In the material below, find the line with "Scopri le Nuove" and the line with "Georgia 3 lari". Output exactly those two lines and all lines between them, leaving out pictures.

*DATA FOR THIS TASK*:
┄┄┄┄┄┄┄┄┄┄
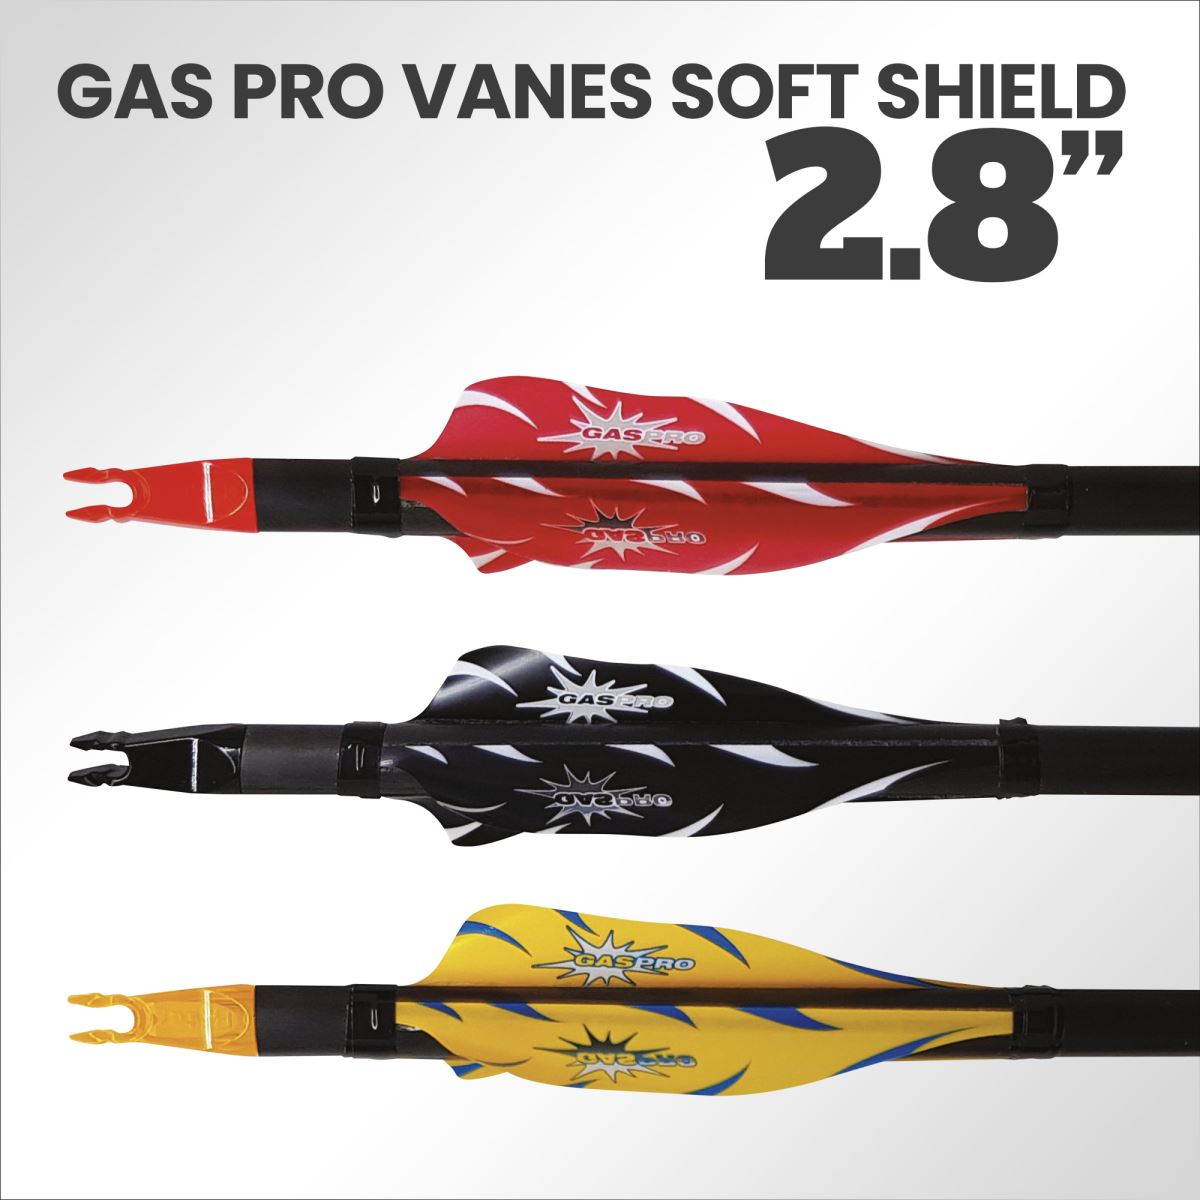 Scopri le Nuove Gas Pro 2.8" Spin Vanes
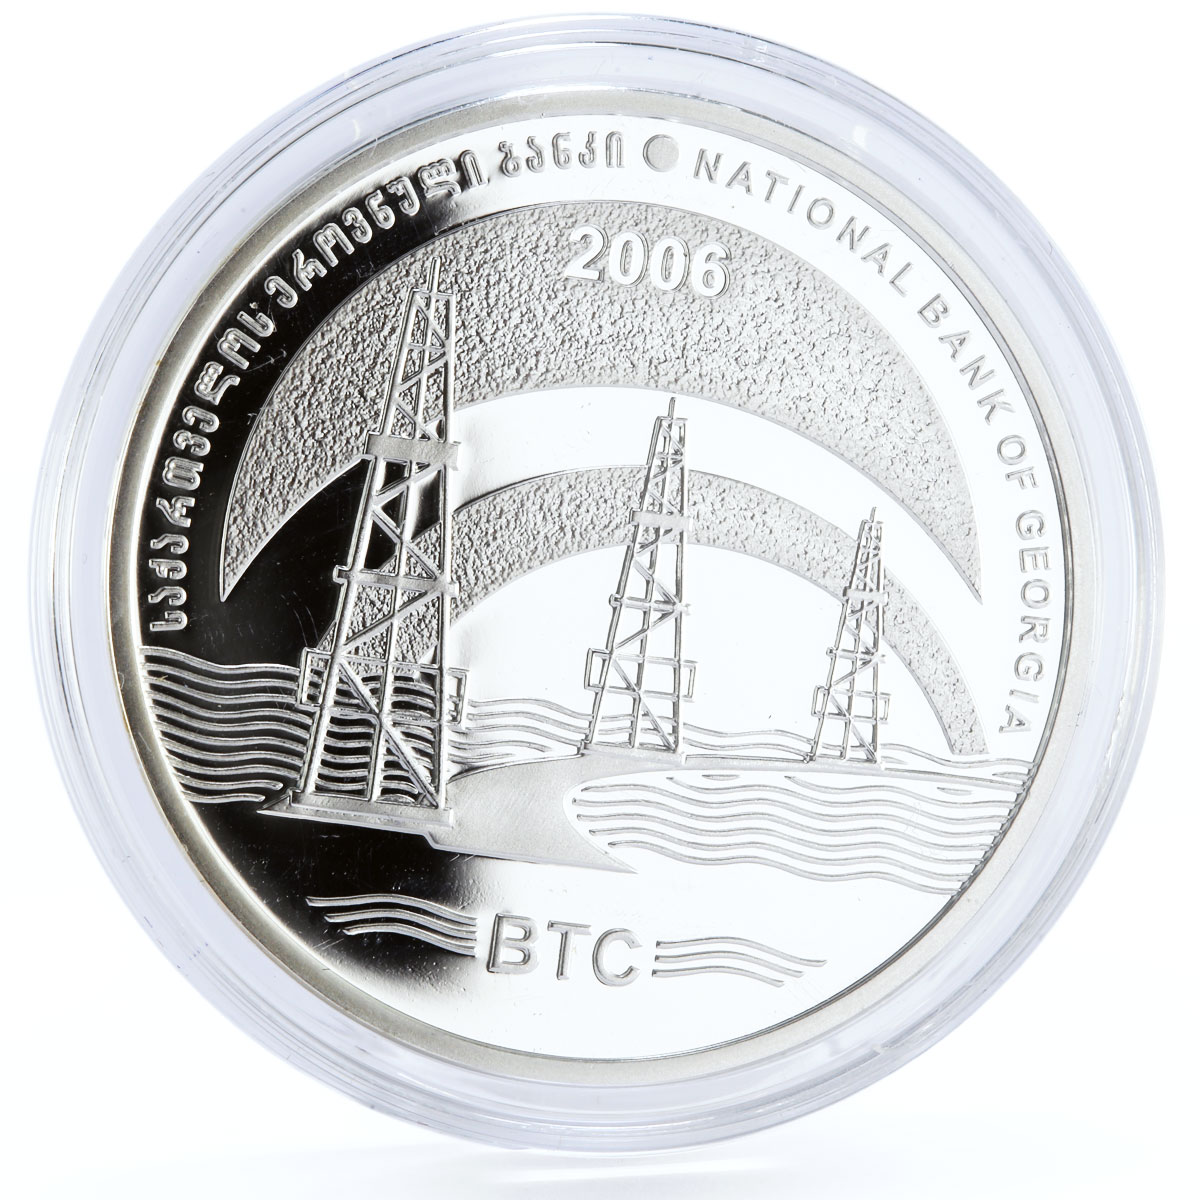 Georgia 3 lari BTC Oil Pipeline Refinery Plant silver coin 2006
┄┄┄┄┄┄┄┄┄┄
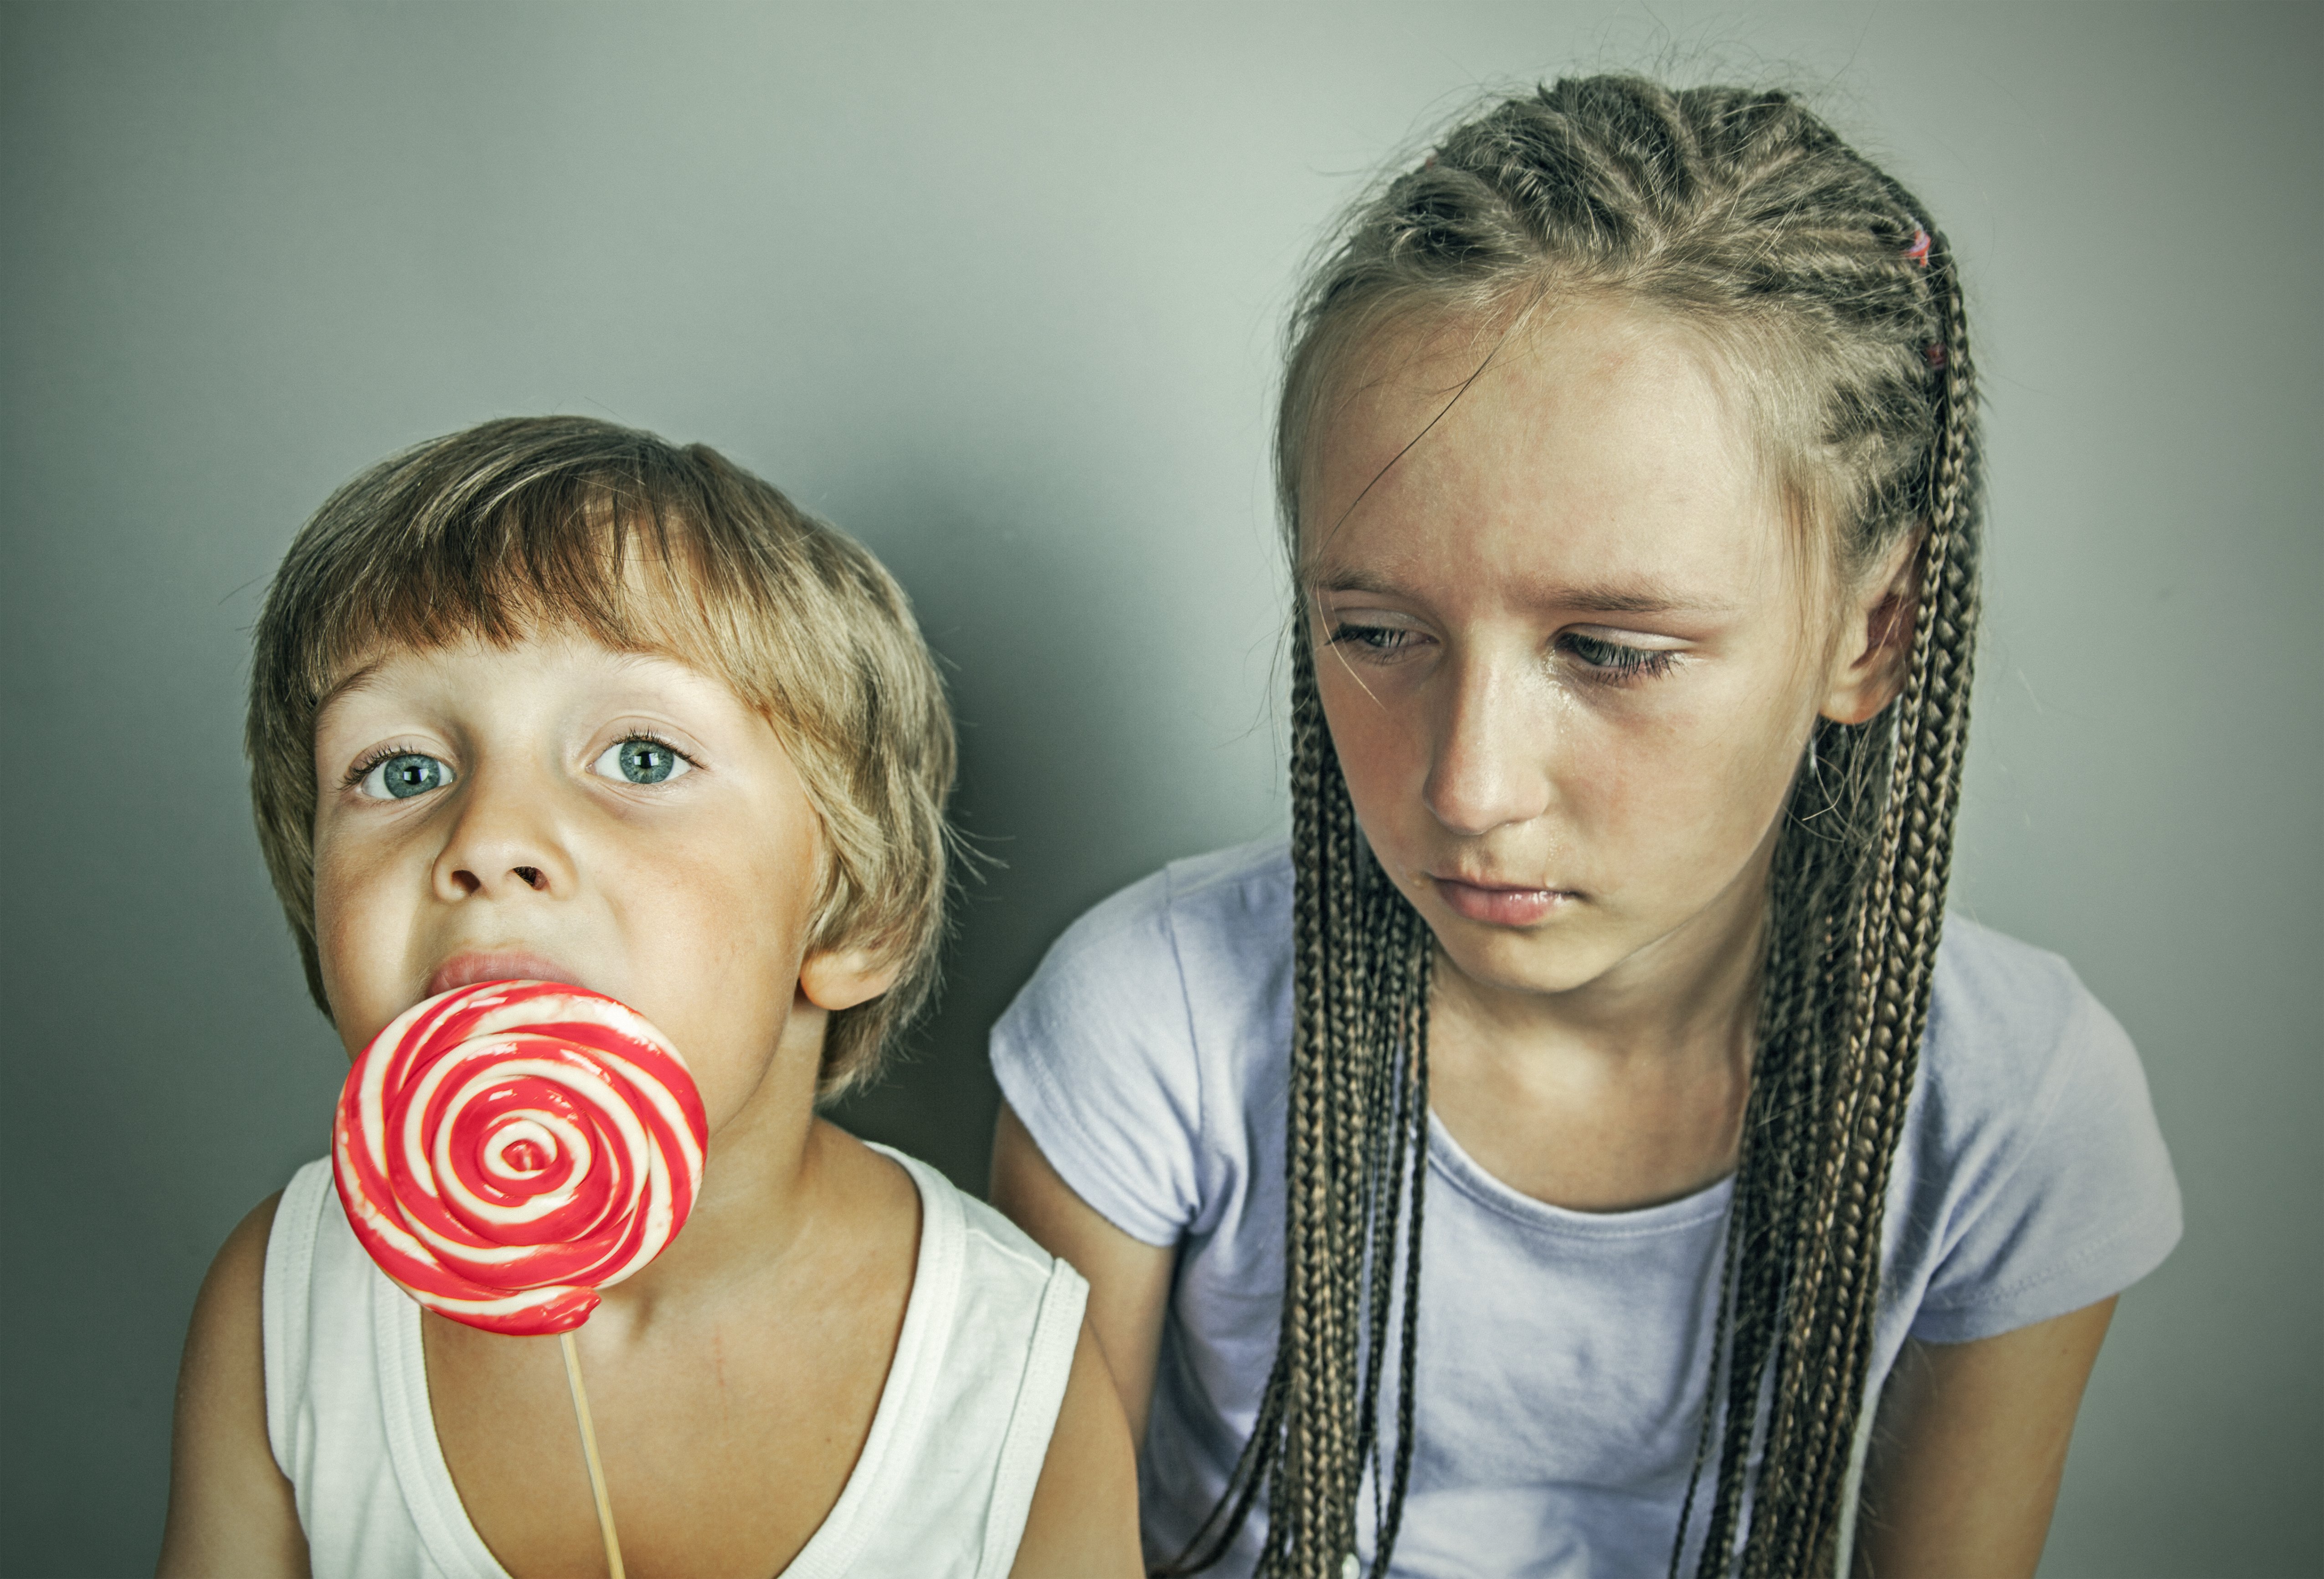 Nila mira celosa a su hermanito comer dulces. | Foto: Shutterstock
┄┄┄┄┄┄┄┄┄┄
*ANSWER SECTION*:
 Scopri le Nuove Gas Pro 2.8" Spin Vanes
 Georgia 3 lari BTC Oil Pipeline Refinery Plant silver coin 2006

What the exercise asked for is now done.